Review: every chapter is thought-provoking and wonderfully written!

Rating: 5 stars
Summary: a book to stay as friend
Review: to give it a star-kind-rating feels out of place - certainly susanna kaysen is excellent at describing her period of mental illness, but what is more important are her insights or inspired guesses at the nature of the phenomenon - I decided not to go to the movie because I did not wish to destroy the feeling it left, of being earnest and of hilarious laughter the way it is described in books of zen-teachers.

Rating: 5 stars
Summary: Boy, Interrupted
Review: I related deeply to all the characters in the movie, which I saw several times before reading the book. Like most people interested in this material, I have (and still do) feel "crazy" and ostracized from "normal" society. I read the book in one afternoon and was struck by Susanna Kaysen's penetrating and brutally honest descriptions of both her own mind and those of the lonely, damaged girls she shared 2 years with.

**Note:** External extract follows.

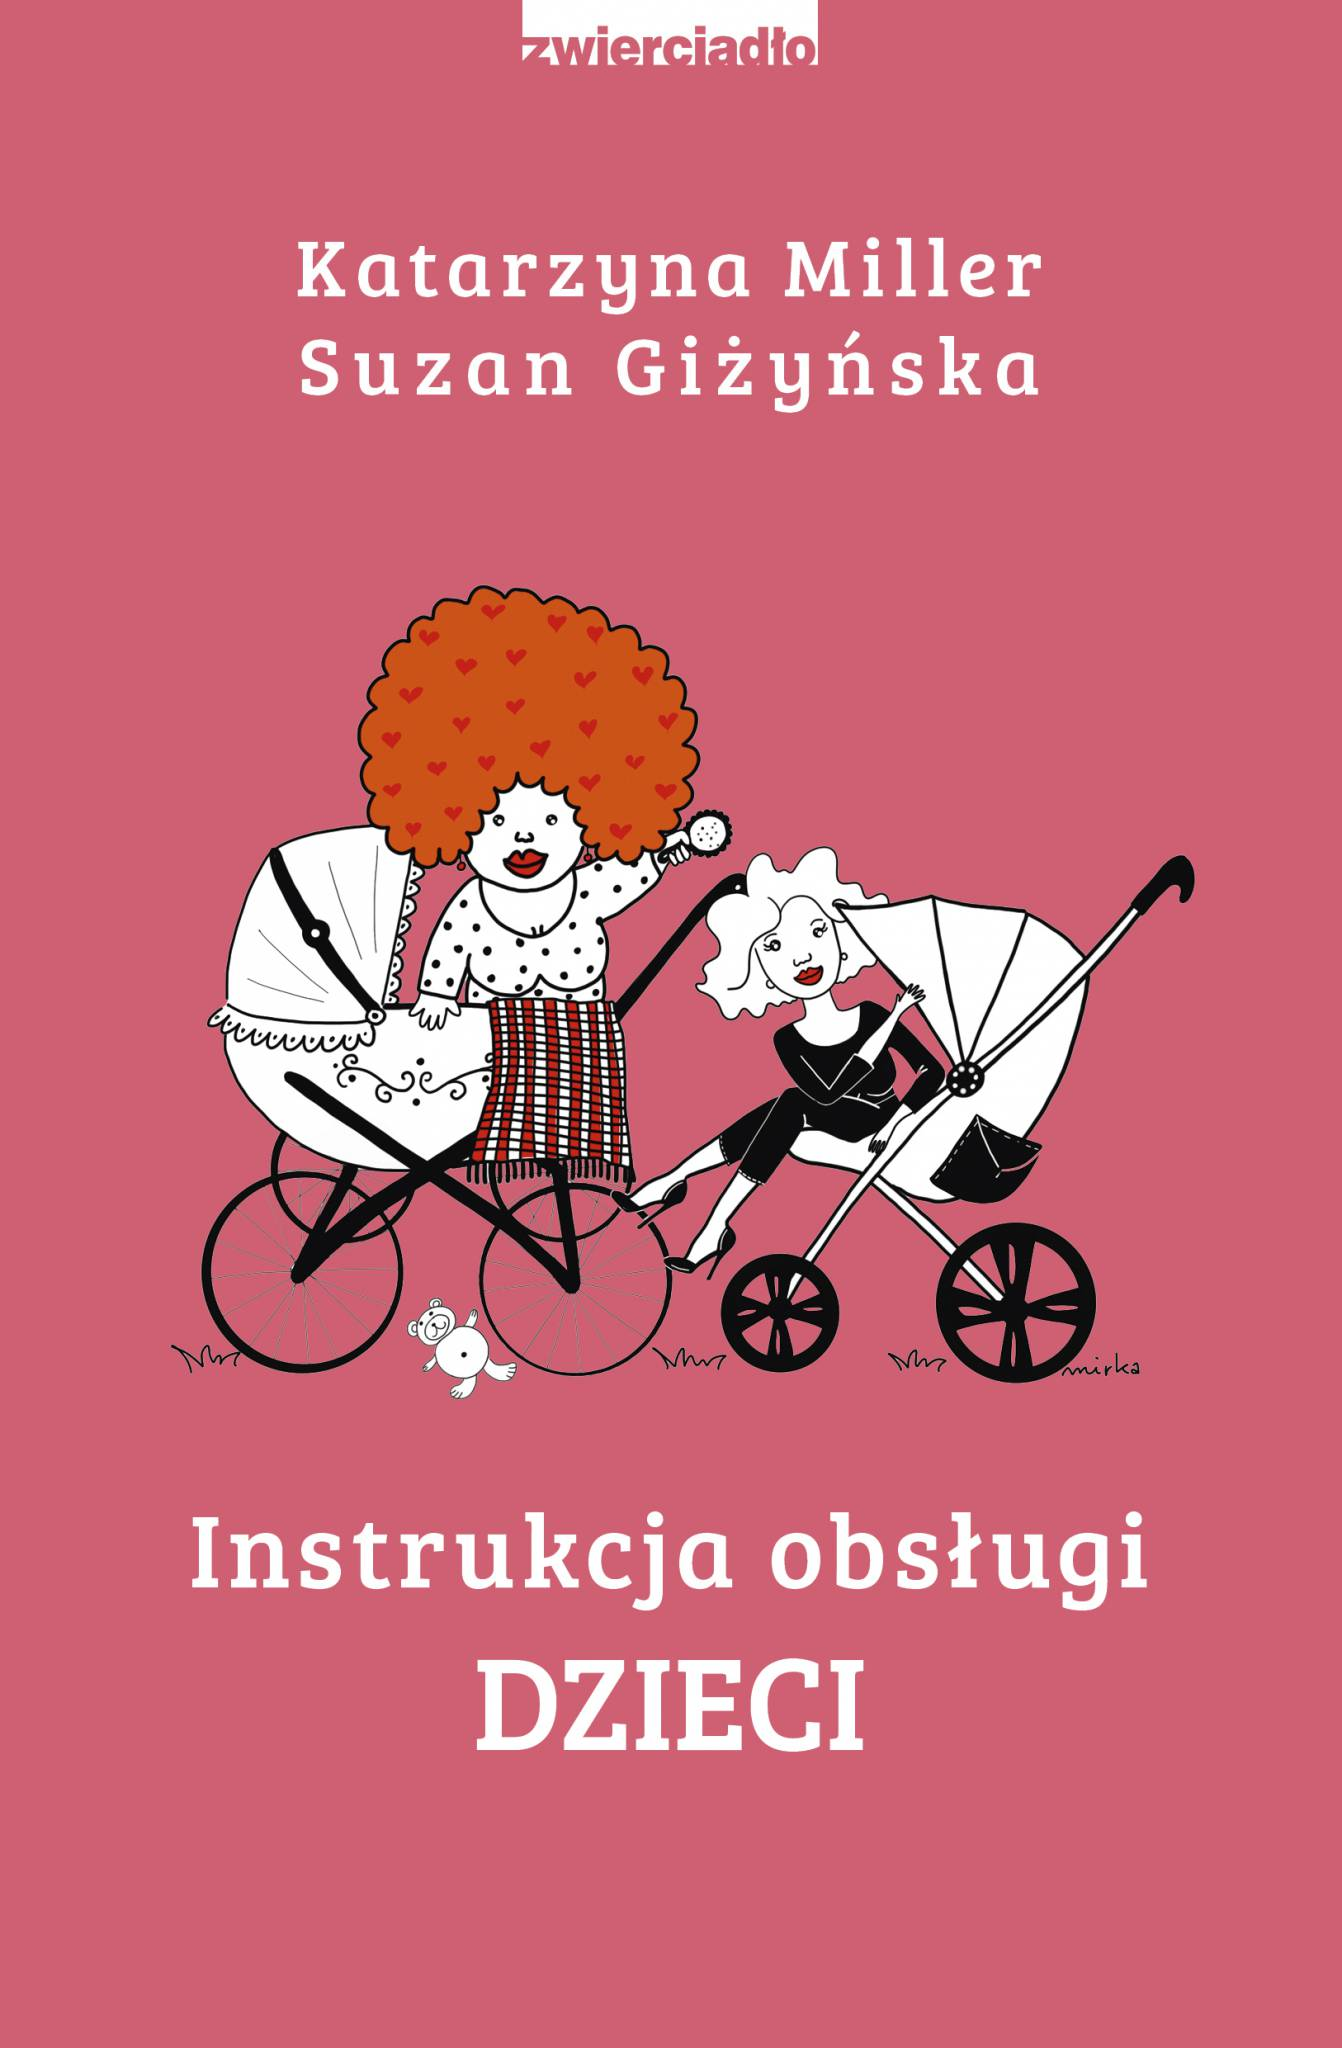 Instrukcja obsługi dzieci - Katarzyna Miller, Suzan Giżyńska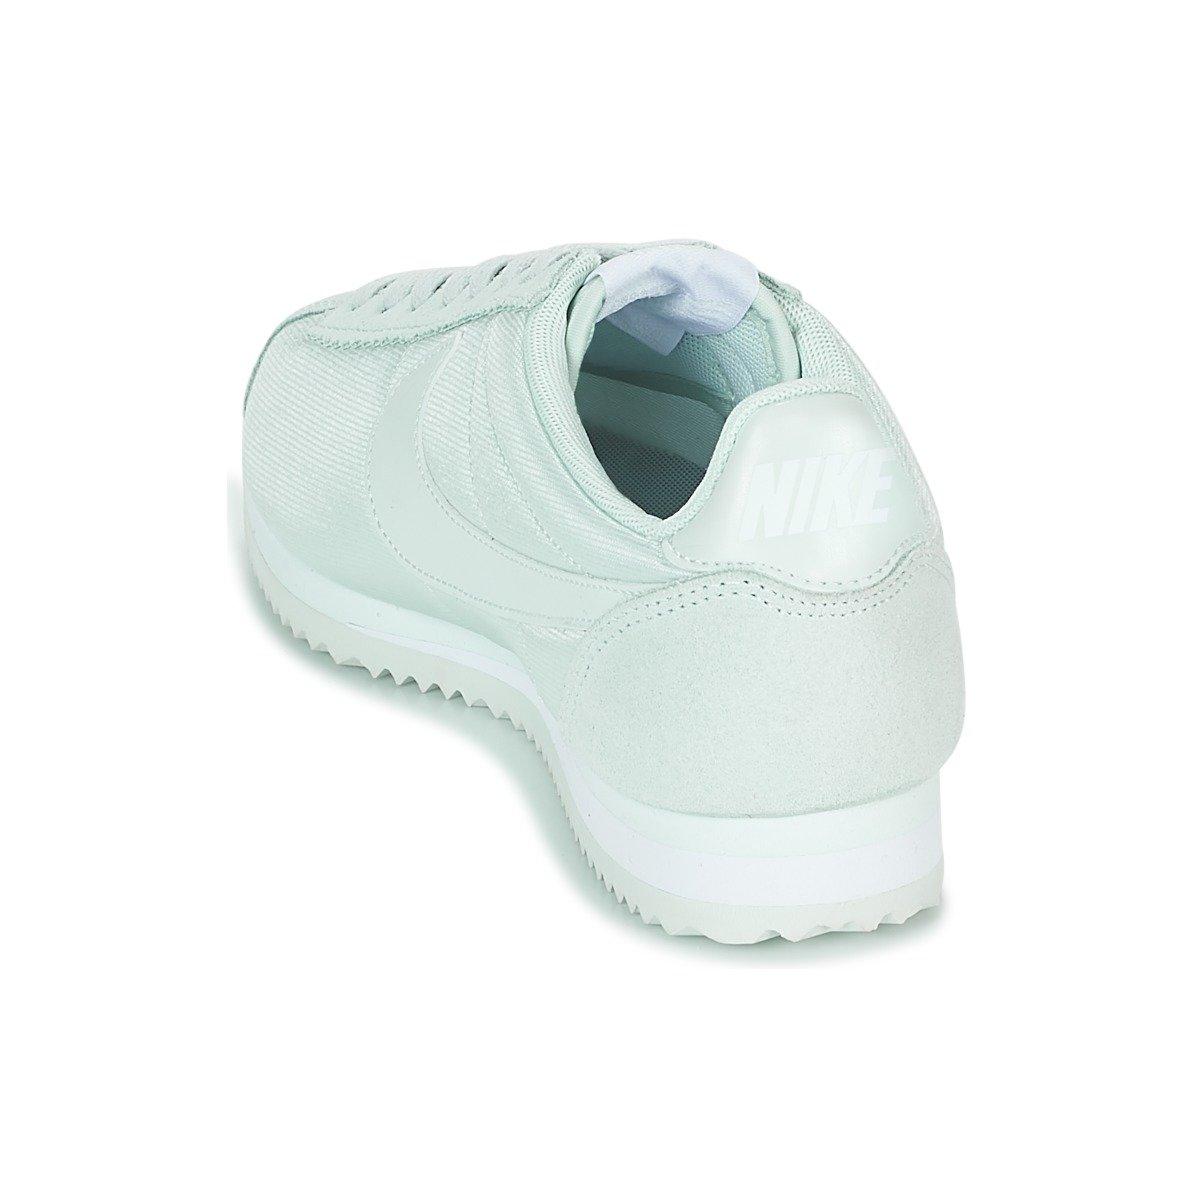 NIKE WMNS Nylon Classic Cortez Nylon WMNS Sneaker Damen - a19cbe

Susanna was in some sense lucky to have come from a well-monied family. Many people much like her suffer doing battle with invisible dragons in obscurity, unknown and forgotten, unable to contribute to the healing of our society in any meaningful way, and in many cases only because of their lesser economic status. Then again, money might have nothing to do with whether or not a damaged person can emerge from his or her own personal hell to aid others in overcoming their own. (???)

The book is non-linear and switches between chapters describing Susanna's day to day existence and relationships at McLean Hospital in Belmont, MA. and more reflective, analytical chapters like the one in which she explictly elaborates for the reader two "modes" of "insanity", the lethargic/catatonic and the manic, the distictions between the two being invisible to the uninitiated observer (i.e. the staff at McLean). Ms. Kaysen has a very engaging writing style and I plan to read her other books as well.